I agree, it's brilliantly simple, make the switch to "world class" mirrorless optics and never look back




Untitled by c w, on Flickr


----------



## floatingby

Ultimately, everybody has their own reasons for what equipment they chose to use. 

My primary reason for purchasing the Fuji X-e2 was the layout of the control: speed via a marked dial on top of the body, aperture on the lens, auto mode marked by a bold, red "A" on each of those dial; simple and fast, and none of those stupidly awful "modes" that you need to go through a 300 pages manual to begin to understand.

But that is my primary reason, which, I'm sure, won't be everybody's.


----------



## Gary A.

I purchased my X-Pro1 because it was a very sexy camera.
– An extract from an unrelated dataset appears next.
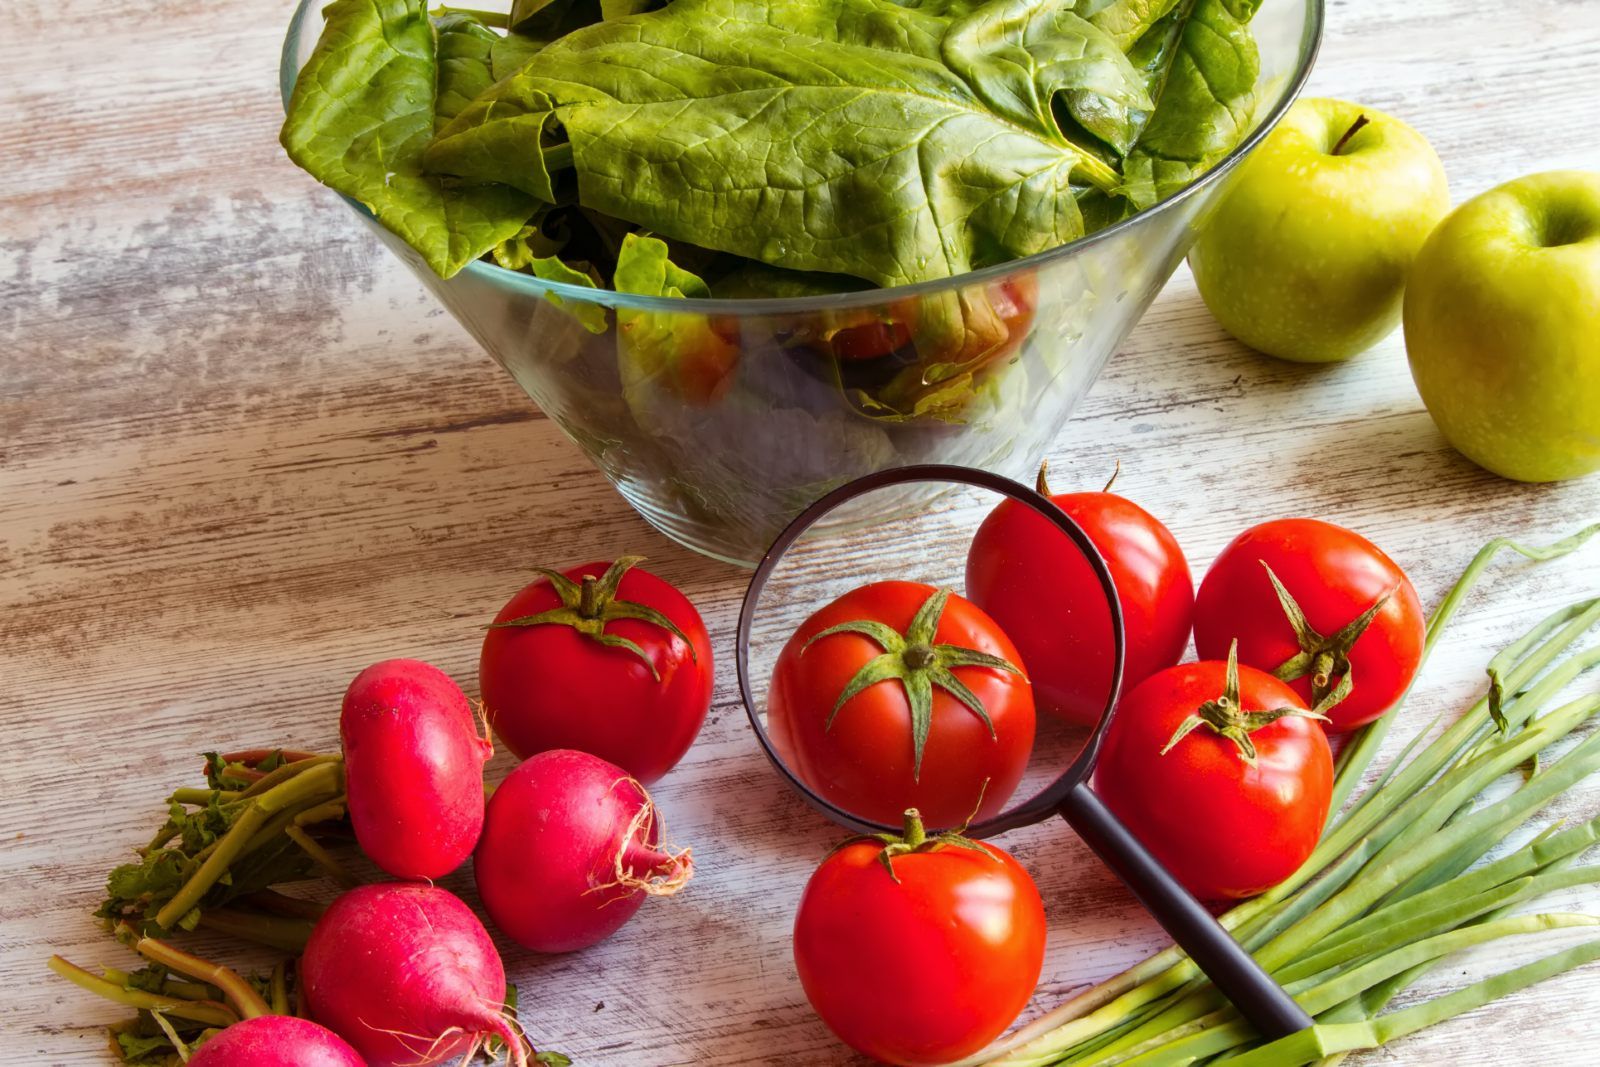 Produce sits in and near a glass bowl, with a magnifying glass lying on top of tomatoes - chemicals in food

It bought it based purely on looks. (Yes, I am that shallow.)


----------



## beagle100

Gary A. said:


> I purchased my X-Pro1 because it was a very sexy camera. It bought it based purely on looks. (Yes, I am that shallow.)



looks count


----------



## Peeb

Good read


----------



## Solarflare

beagle100 said:


> looks count


 Definitely.

Beautiful cameras like most recently the Leica Q definitely get an extra bonus of interest with me, too.

Maybe its "shallow" but why have an ugly camera if the beautiful camera is just as good, but also beautiful ?


----------



## PropilotBW

I travel for a living.  Size matters.  I upgraded to Mirrorless with the E-M5II from the Nikon D5100 due to size, mostly of the lenses I had along with the Nikon.   
I got the M Zuiko 12-40 f2.8 as my first lens. It is definitely the nicest lens I've ever owned.  
The one thing I do miss is low ISO.  My camera regularly wants to be at 1000 ISO, where I would have taken the same photo on the D5100 at 200 or 400 ISO.    I suppose the only time I notice this is with bird photography and heavy cropping.


----------



## Solarflare

PropilotBW said:


> The one thing I do miss is low ISO.  My camera regularly wants to be at 1000 ISO, where I would have taken the same photo on the D5100 at 200 or 400 ISO.    I suppose the only time I notice this is with bird photography and heavy cropping.


 The only way I can think of that gives you lower ISO on the D5100 is if you use the Sigma 18-35mm f1.8 DC zoom, or prime lenses.

There are pricey manual f0.95 lenses for MFT though. Best you can get for Nikon is f1.4, or f1.8 with manual focus.


----------



## Benjo255

Usul said:


> The only reason I don't like mirrorles is EVF.


That's the main reason I couldn't go back to DSLR.


----------